> ACTIVITY: A verbatim reproduction of the following listing is required; omit the pictures.

DATASET EXTRACT Start Marker

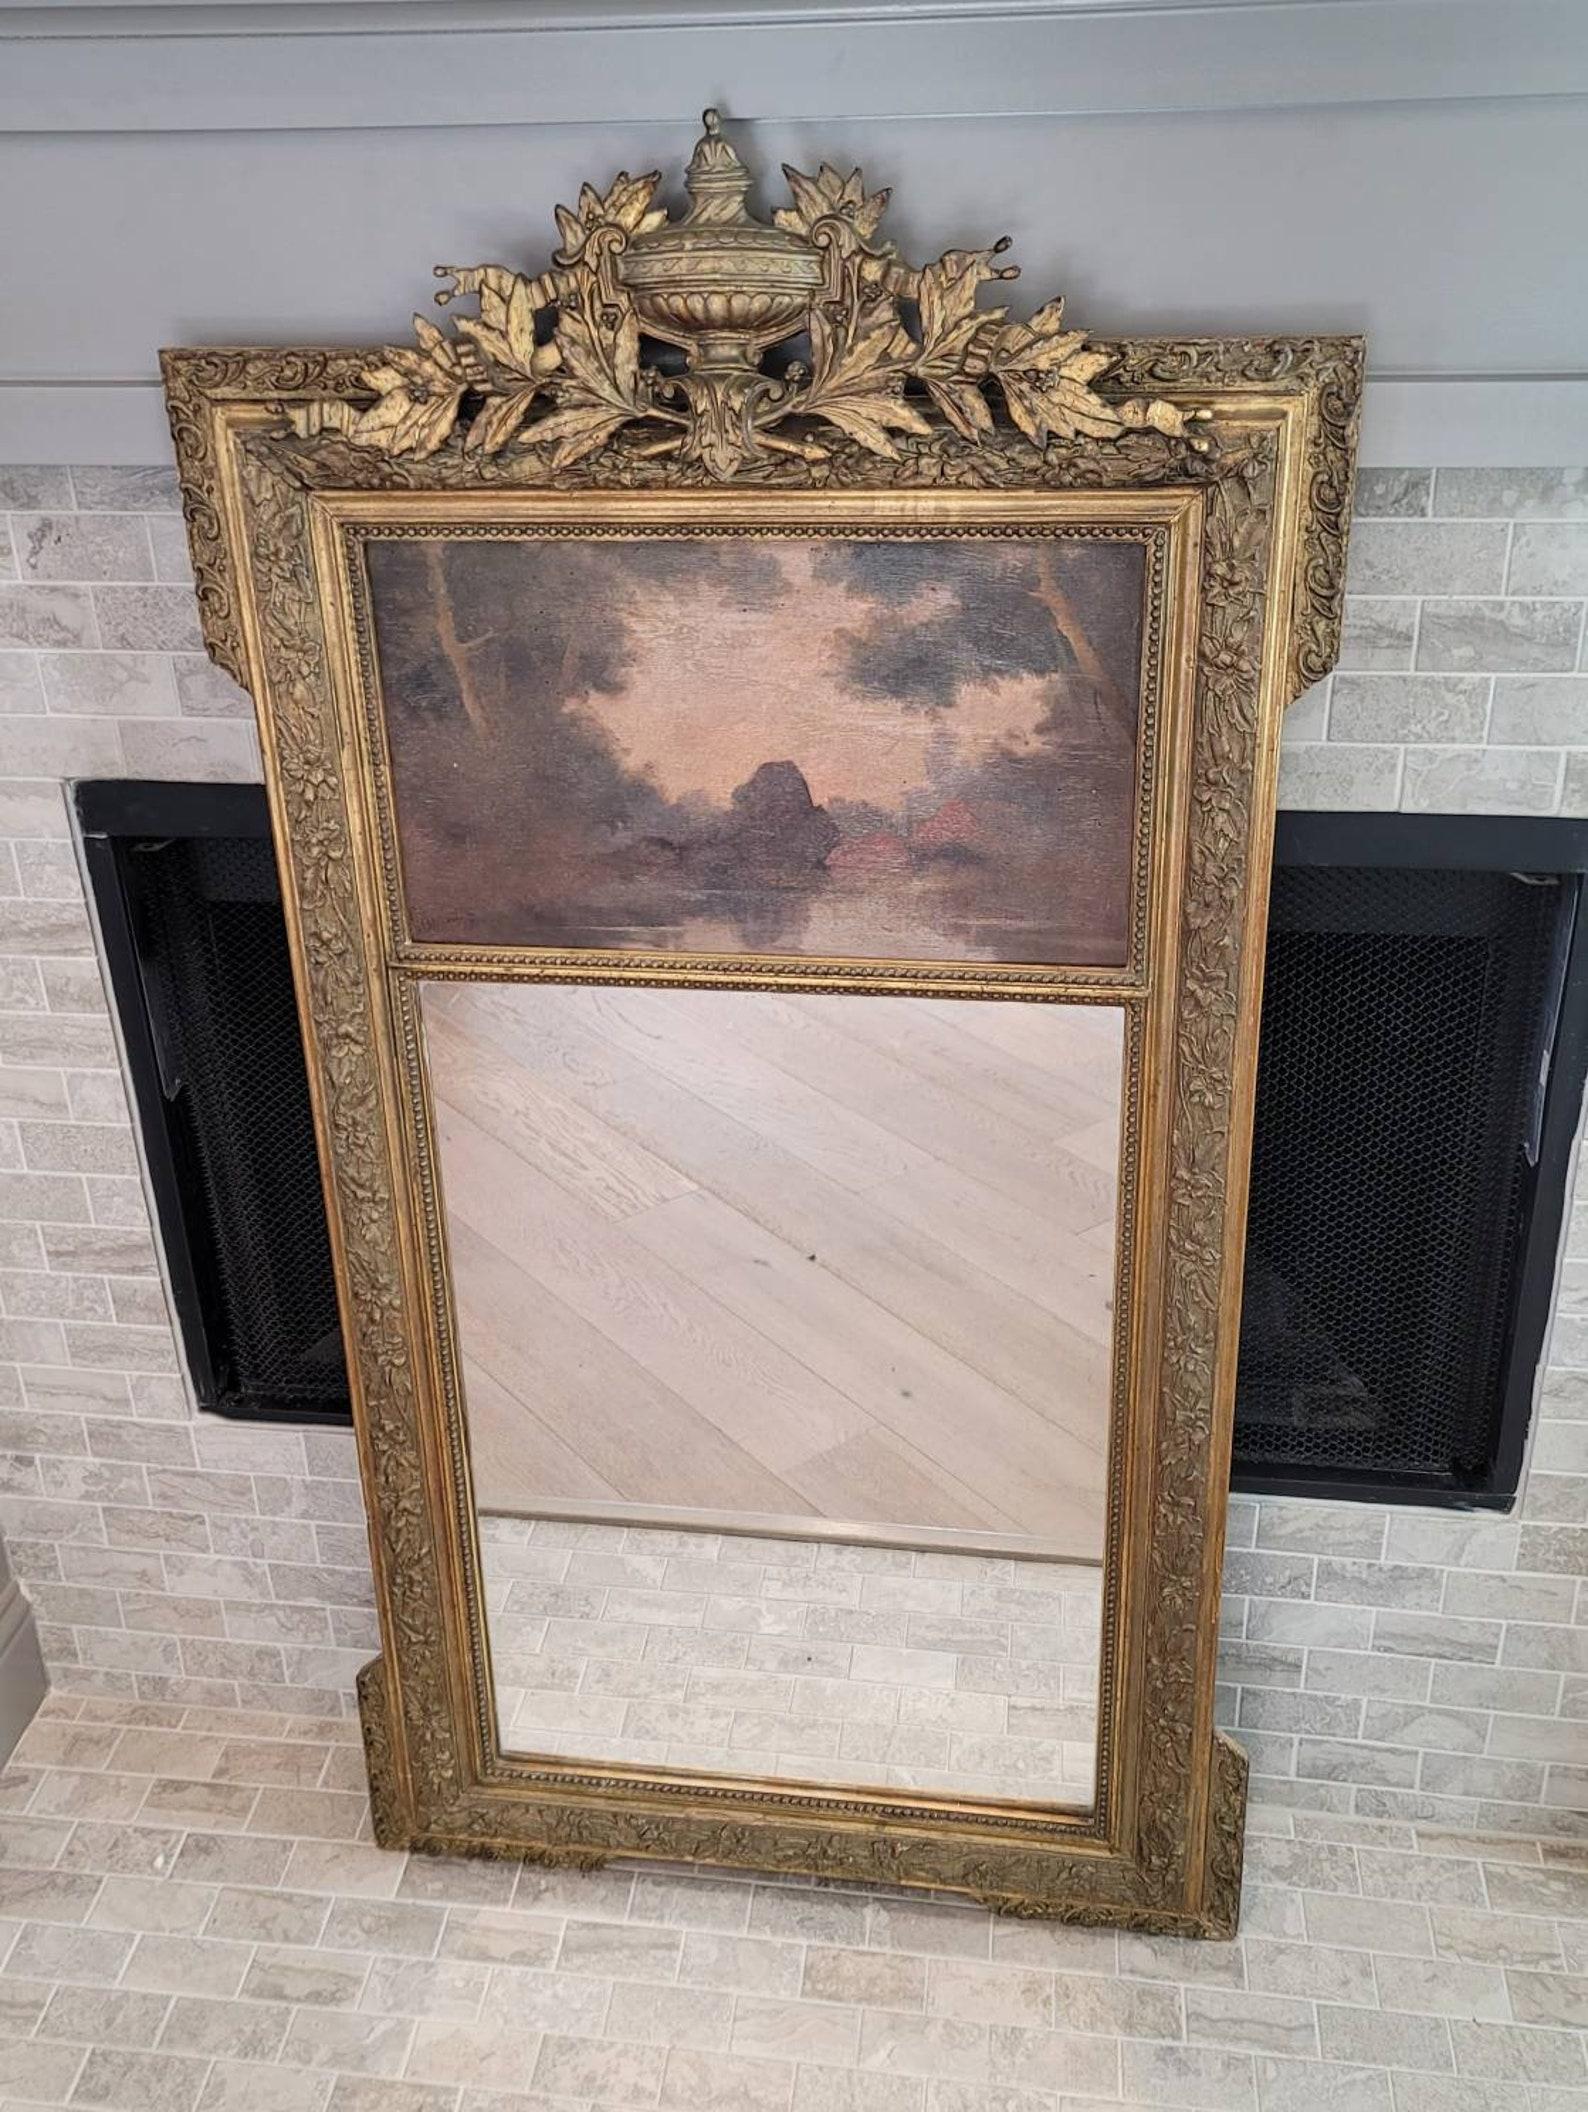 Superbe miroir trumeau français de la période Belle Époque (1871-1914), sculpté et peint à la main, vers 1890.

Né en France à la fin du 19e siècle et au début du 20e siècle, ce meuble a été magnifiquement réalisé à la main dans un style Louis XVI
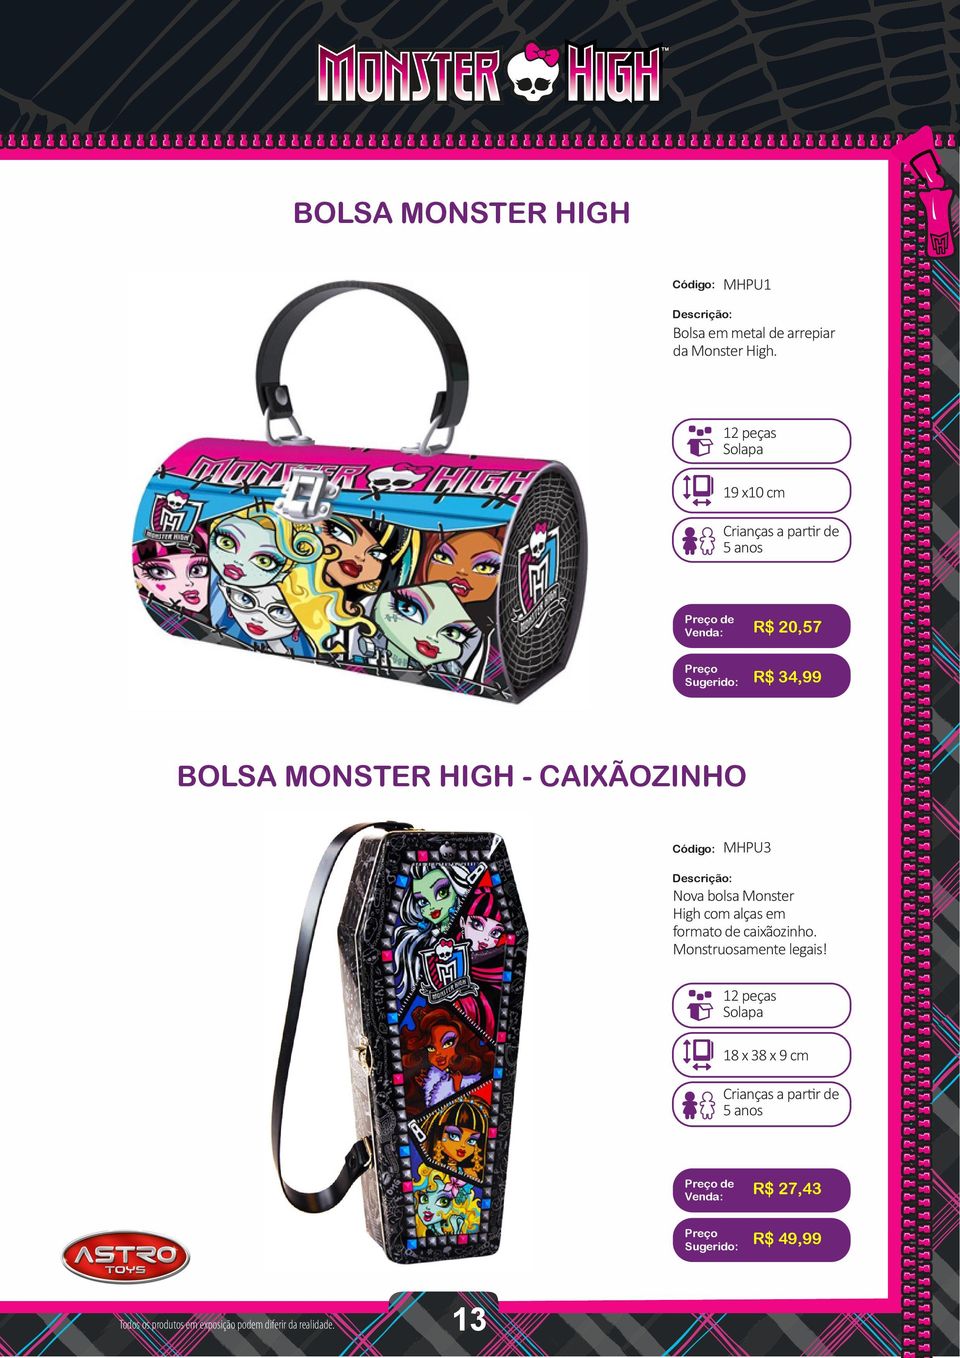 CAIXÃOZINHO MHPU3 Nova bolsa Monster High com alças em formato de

DATASET EXTRACT End Marker

> EXPECTED ANSWER:
 Superbe miroir trumeau français de la période Belle Époque (1871-1914), sculpté et peint à la main, vers 1890.

Né en France à la fin du 19e siècle et au début du 20e siècle, ce meuble a été magnifiquement réalisé à la main dans un style Louis XVI
 CAIXÃOZINHO MHPU3 Nova bolsa Monster High com alças em formato de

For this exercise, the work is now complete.